Postmortem: Database Incident (September 14–18, 2025)
- Category
- Company
- Published
A detailed post-mortem of the database incident that occurred between September 14-18, 2025, including root cause analysis, timeline, and remediation steps.
Between September 14th and September 18th, 2025, we experienced a database incident that intermittently impacted customer traffic with latency spikes. The issue originated from an automatic database upgrade by our cloud provider, which exposed an interaction with our connection pooling configuration. This document explains the timeline, root cause, contributing factors, and our mitigation of the issue.
Timeline
- Sep 14, 05:30 UTC – Cloud provider auto-upgrades our database (minor version).
- Sep 14, shortly after – Internal monitoring detects an increased but still acceptable database load. No impact on latency is observed.
- Sep 15, 13:08 UTC – Internal monitoring alerts about significant request failures and increased latency. The incident begins.
- Sep 15–18 – Engineering teams continually investigate, optimize queries, and tune database parameters.
- Sep 15, 14:09 UTC – Request latency normalizes but our database remains unhealthy.
- Sep 15, 14:58-15:16 UTC – Significant request failures and latency spikes.

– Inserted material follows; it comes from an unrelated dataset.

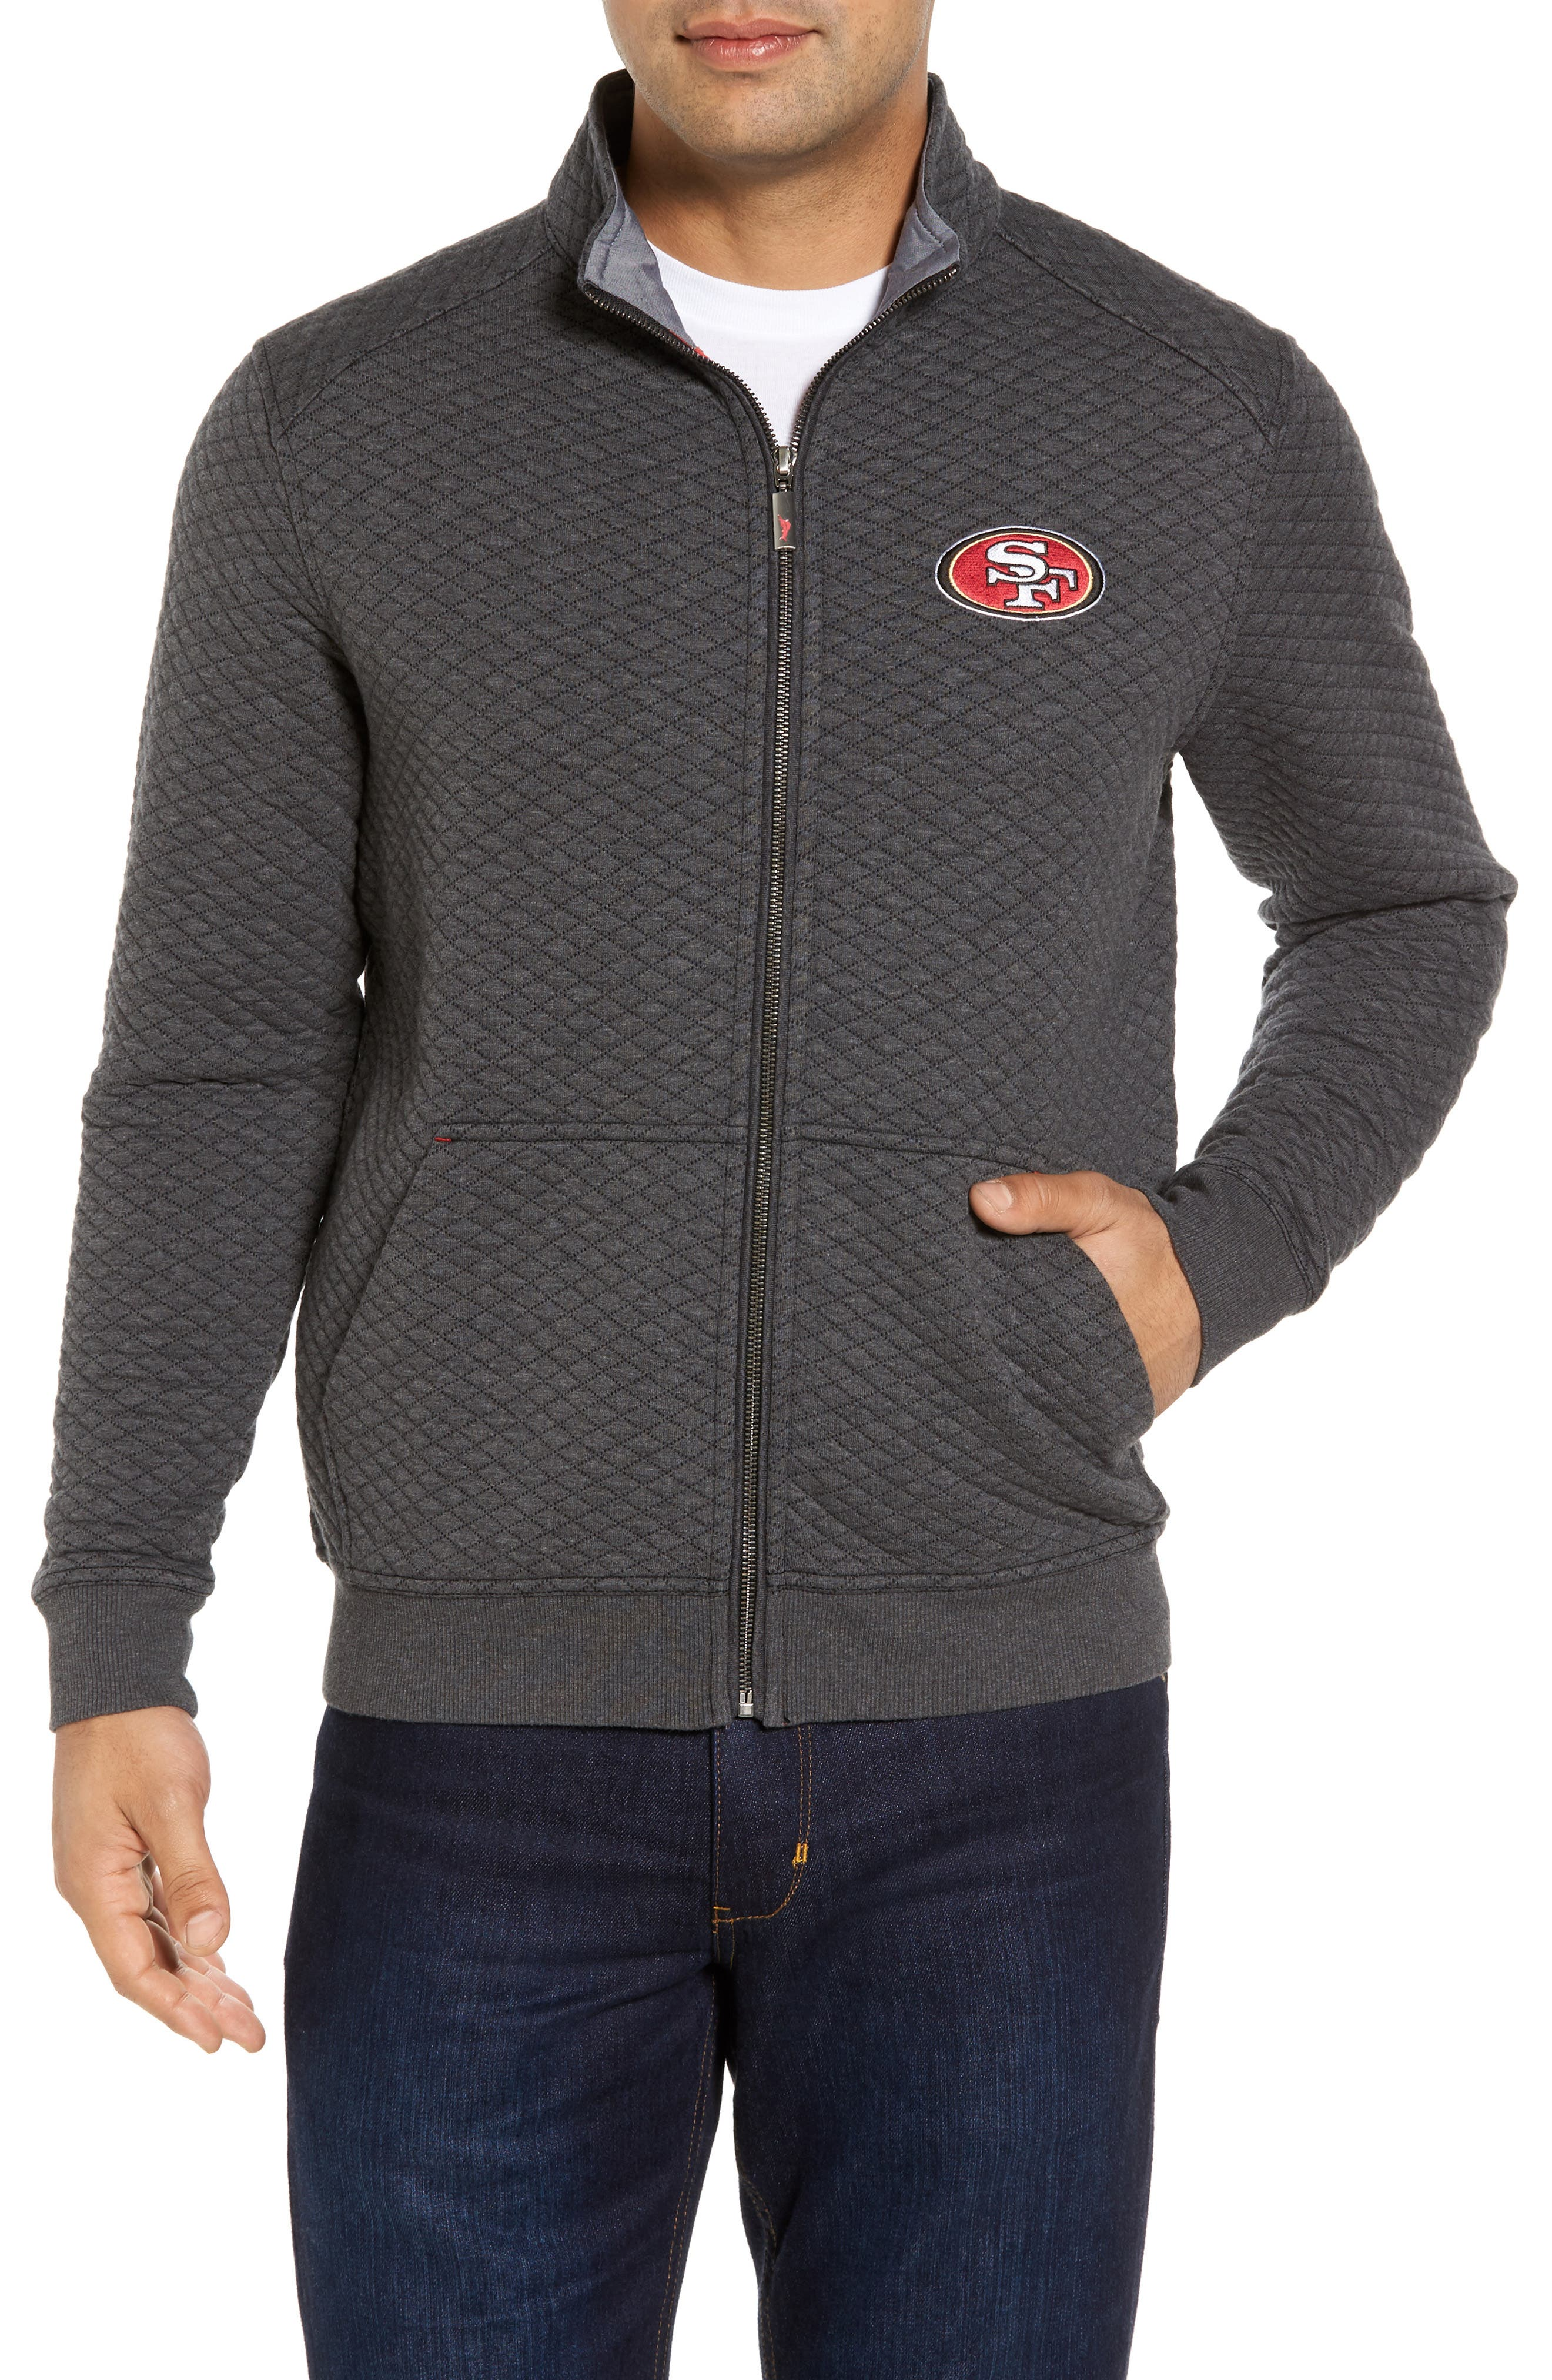 NFL Quiltessential Full Zip Sweatshirt,                             Main thumbnail 1, color,                             020
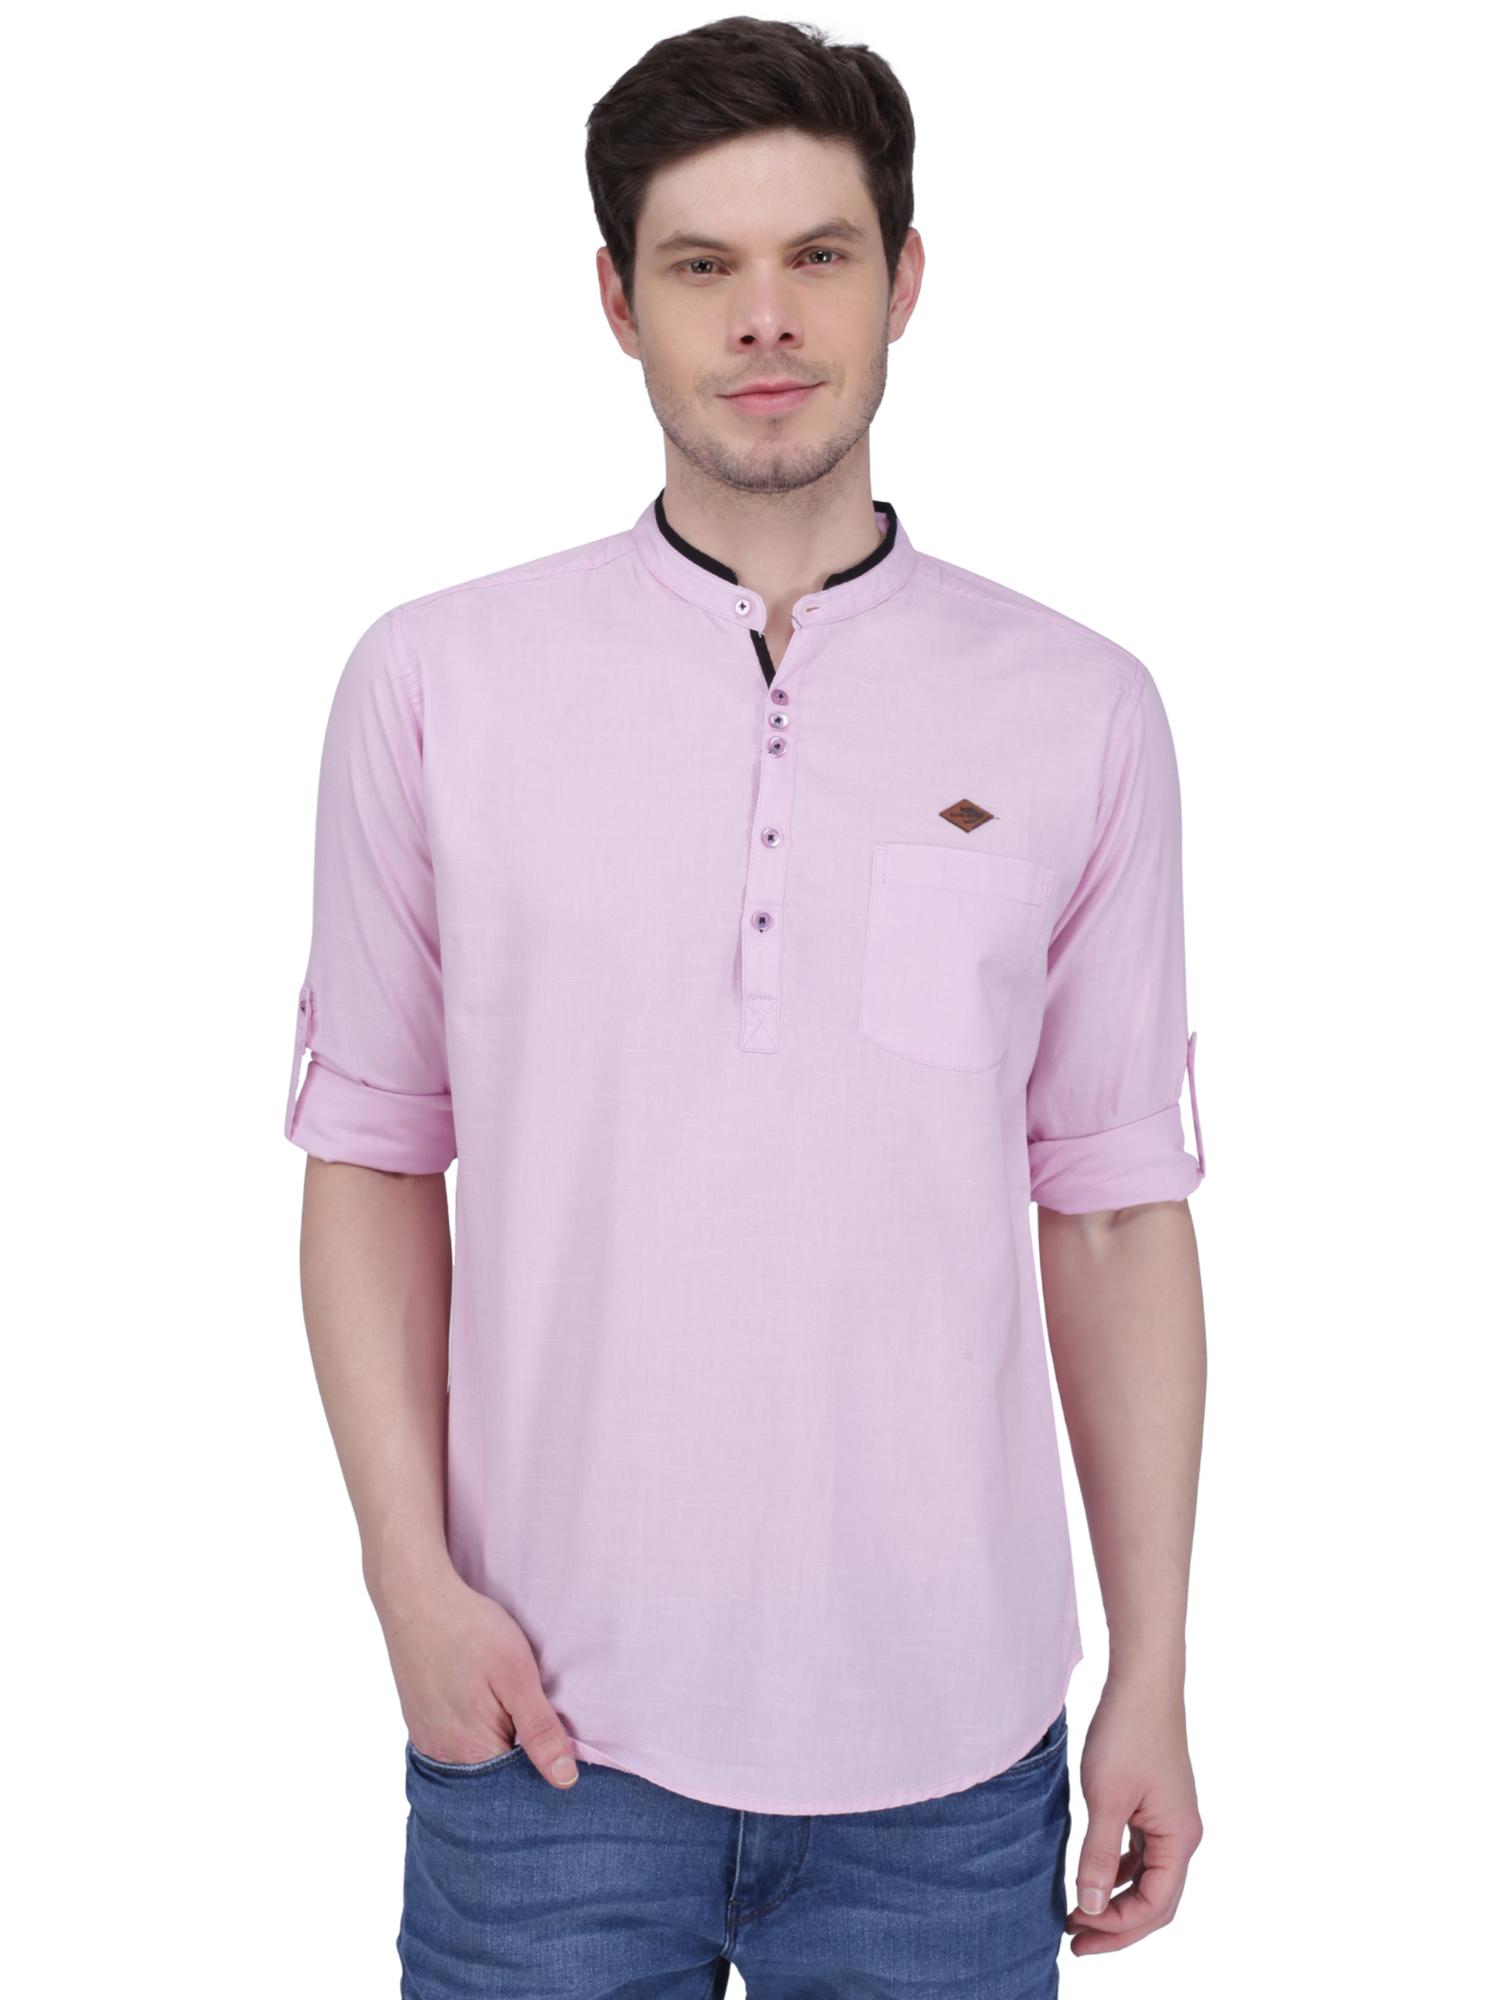 Kuons Avenue | Kuons Avenue Men's Baby Pink Linen Cotton Short Kurta- KACLFS1315PK

- Sept 17, 00:22 UTC – A deploy including a new query optimization appears to eliminate spikes in database load.
- Sept 17, 01:00 UTC – Spikes in database load reappear. However, engineers note that the remaining spikes now appear periodic, occurring roughly every 15 minutes. During these periodic spikes, session management was functional due to the session endpoints higher tolerance for latency, as well as the retry mechanism in our SDKs.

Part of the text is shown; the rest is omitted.